Copy the data exactly as it appears, and do not include any pictures.

Stored items:

Start of Block

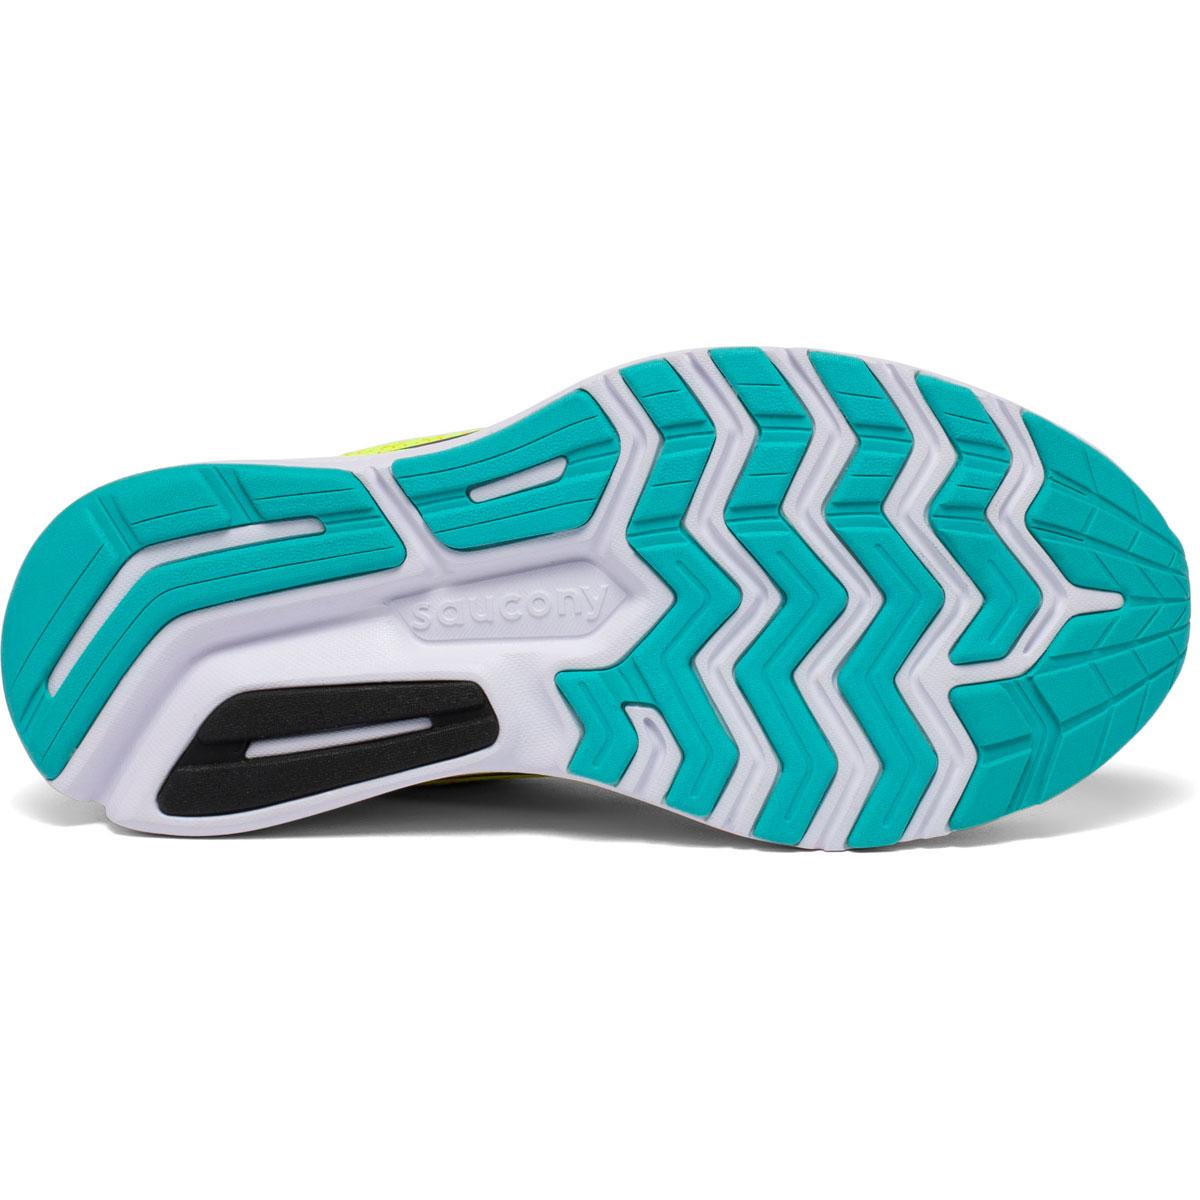 Women's Saucony Ride 13 Running Shoe - Color: Citron Mutant - Size: 5 - Width: Regular, Citron Mutant, large, image 4
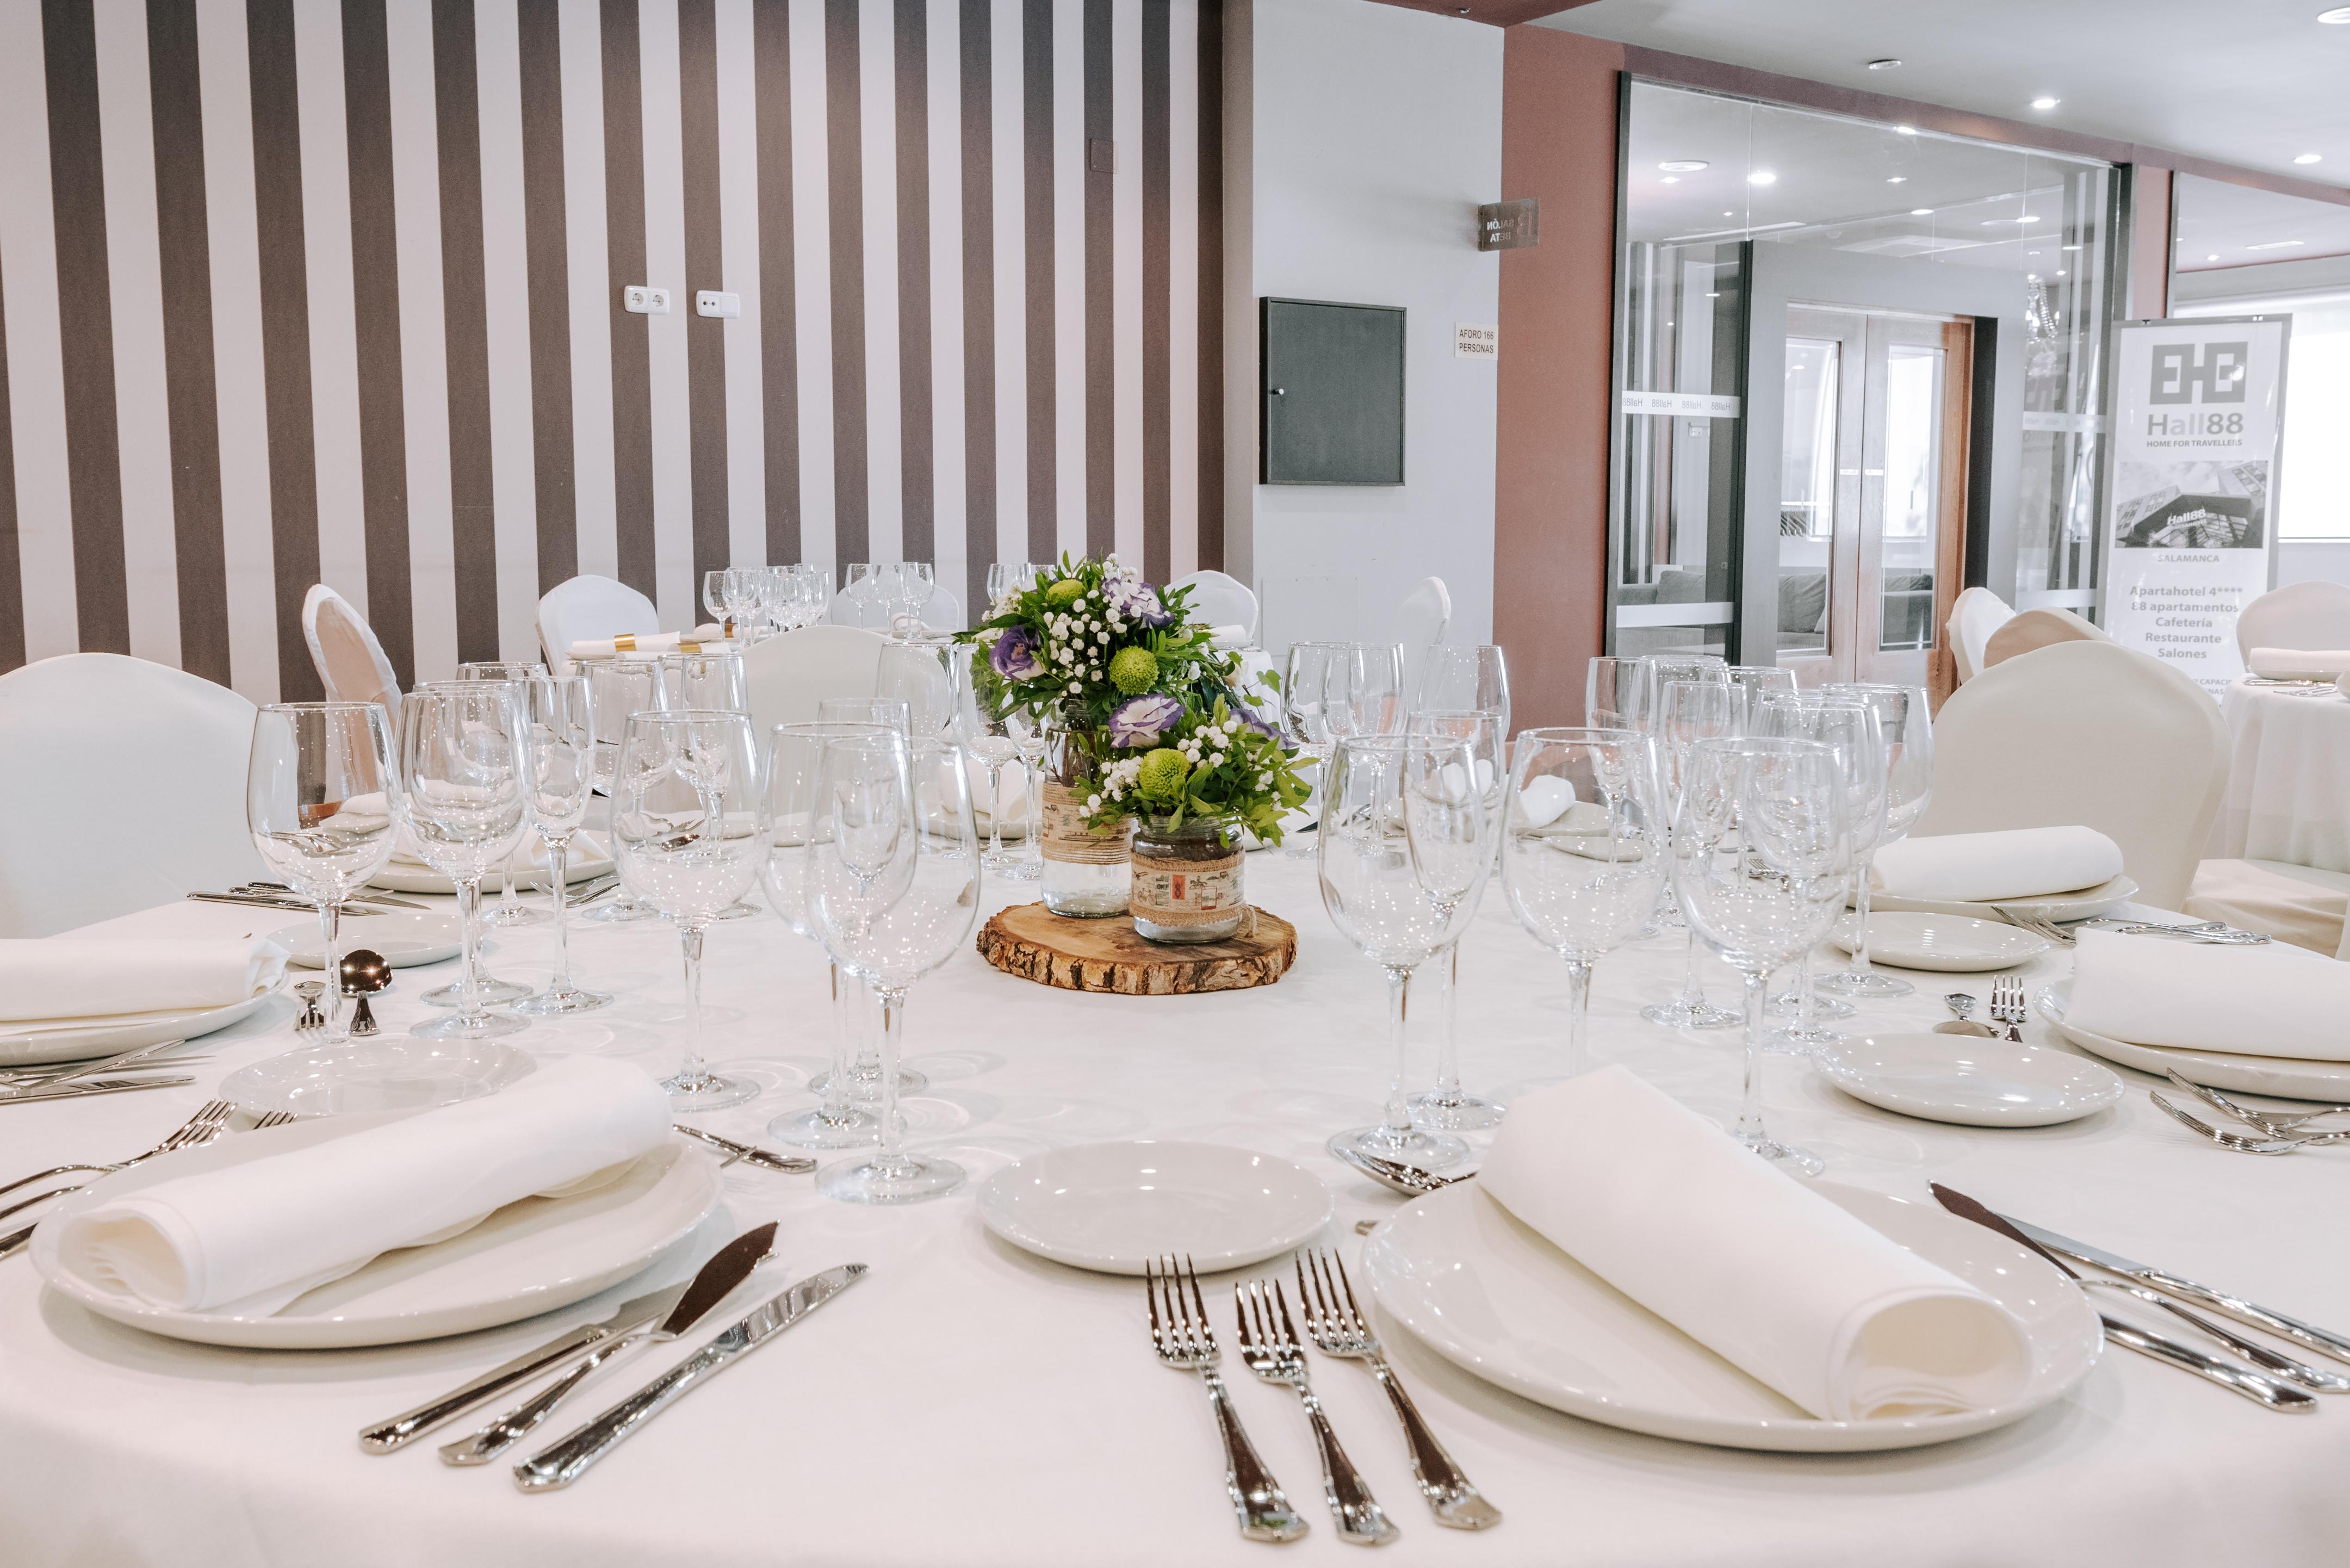 Salones y banquetes en Zenit Hall 88
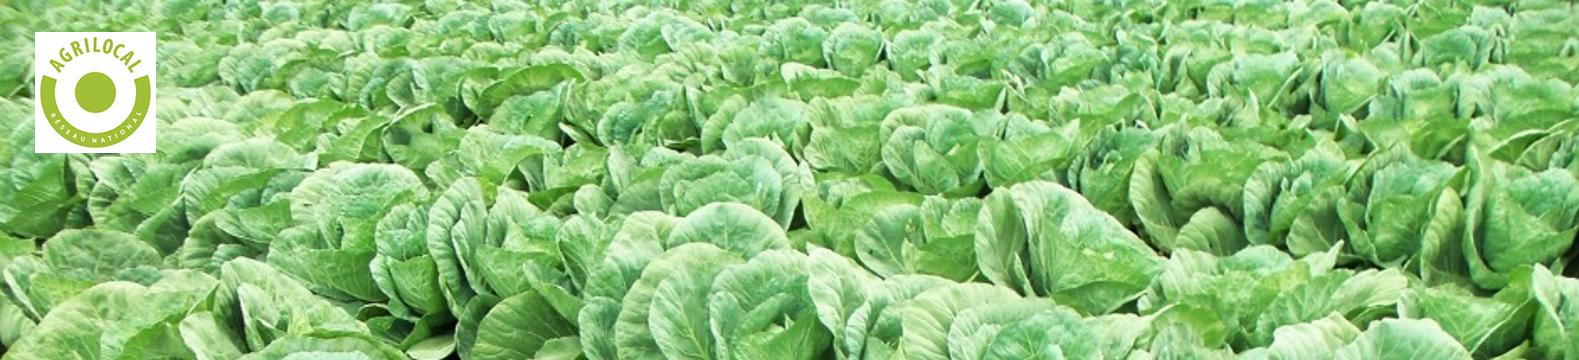 Agrilocal, la proximité fait recette !
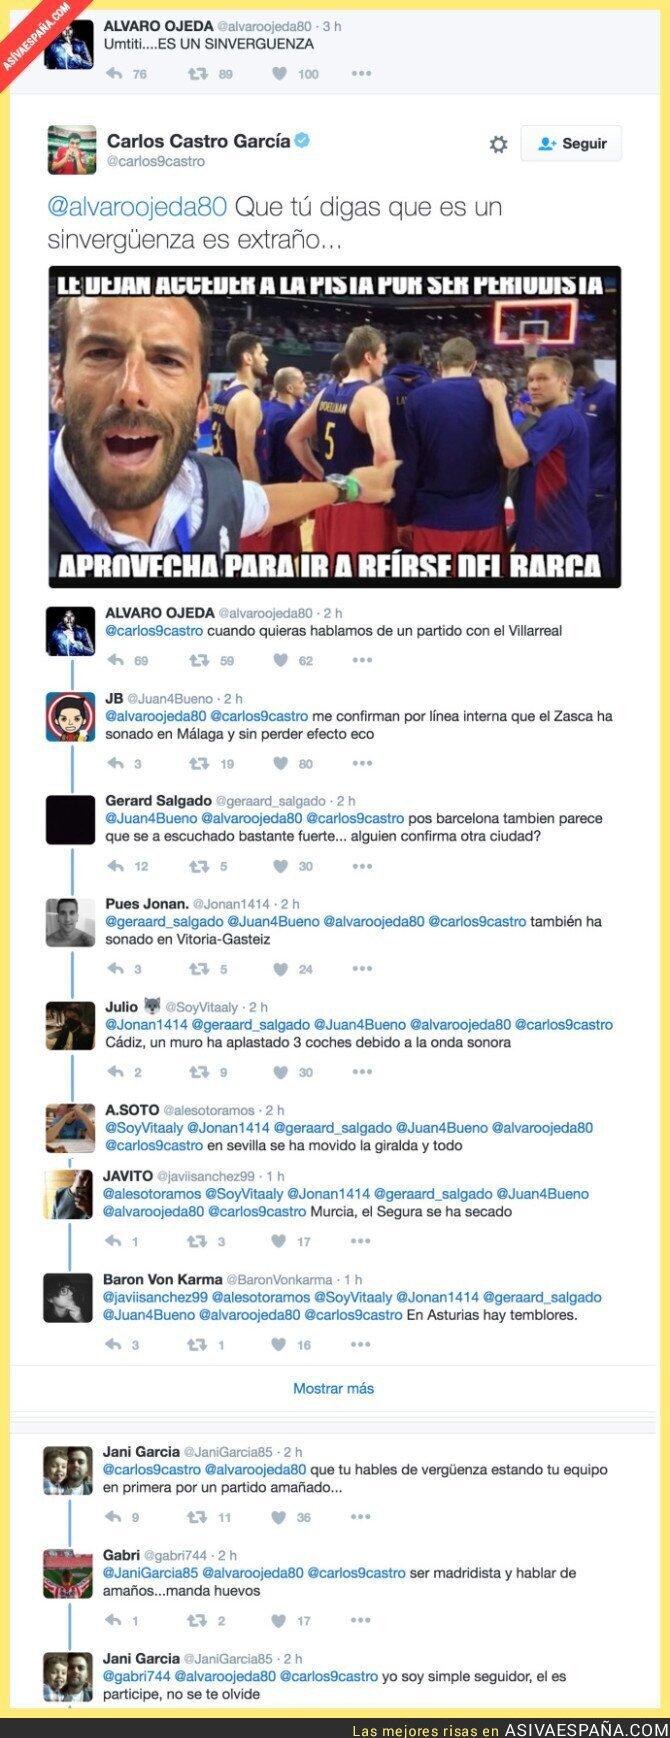 60249 - Un jugador del Sporting le pega un ZASCA a Álvaro Ojeda y las respuestas son geniales
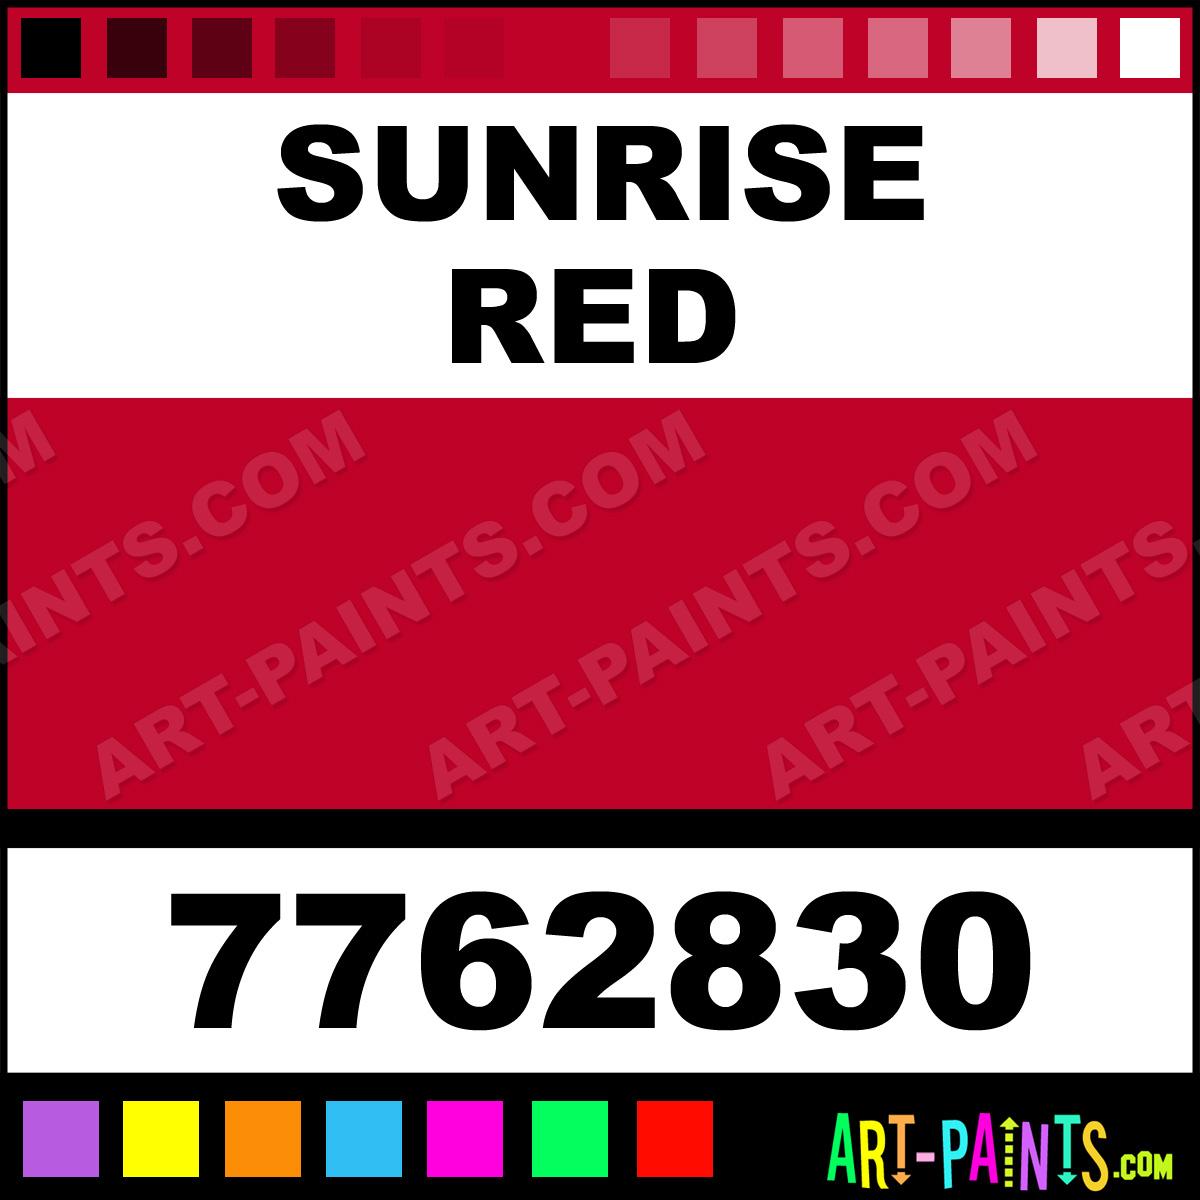 rustoleum paint color chartSunrise Red Gloss Spray Enamel Paints  7762830  Sunrise Red

End of Block

Completed exercise:
 Women's Saucony Ride 13 Running Shoe - Color: Citron Mutant - Size: 5 - Width: Regular, Citron Mutant, large, image 4
 Salones y banquetes en Zenit Hall 88
 Agrilocal, la proximité fait recette !
 60249 - Un jugador del Sporting le pega un ZASCA a Álvaro Ojeda y las respuestas son geniales
 rustoleum paint color chartSunrise Red Gloss Spray Enamel Paints  7762830  Sunrise Red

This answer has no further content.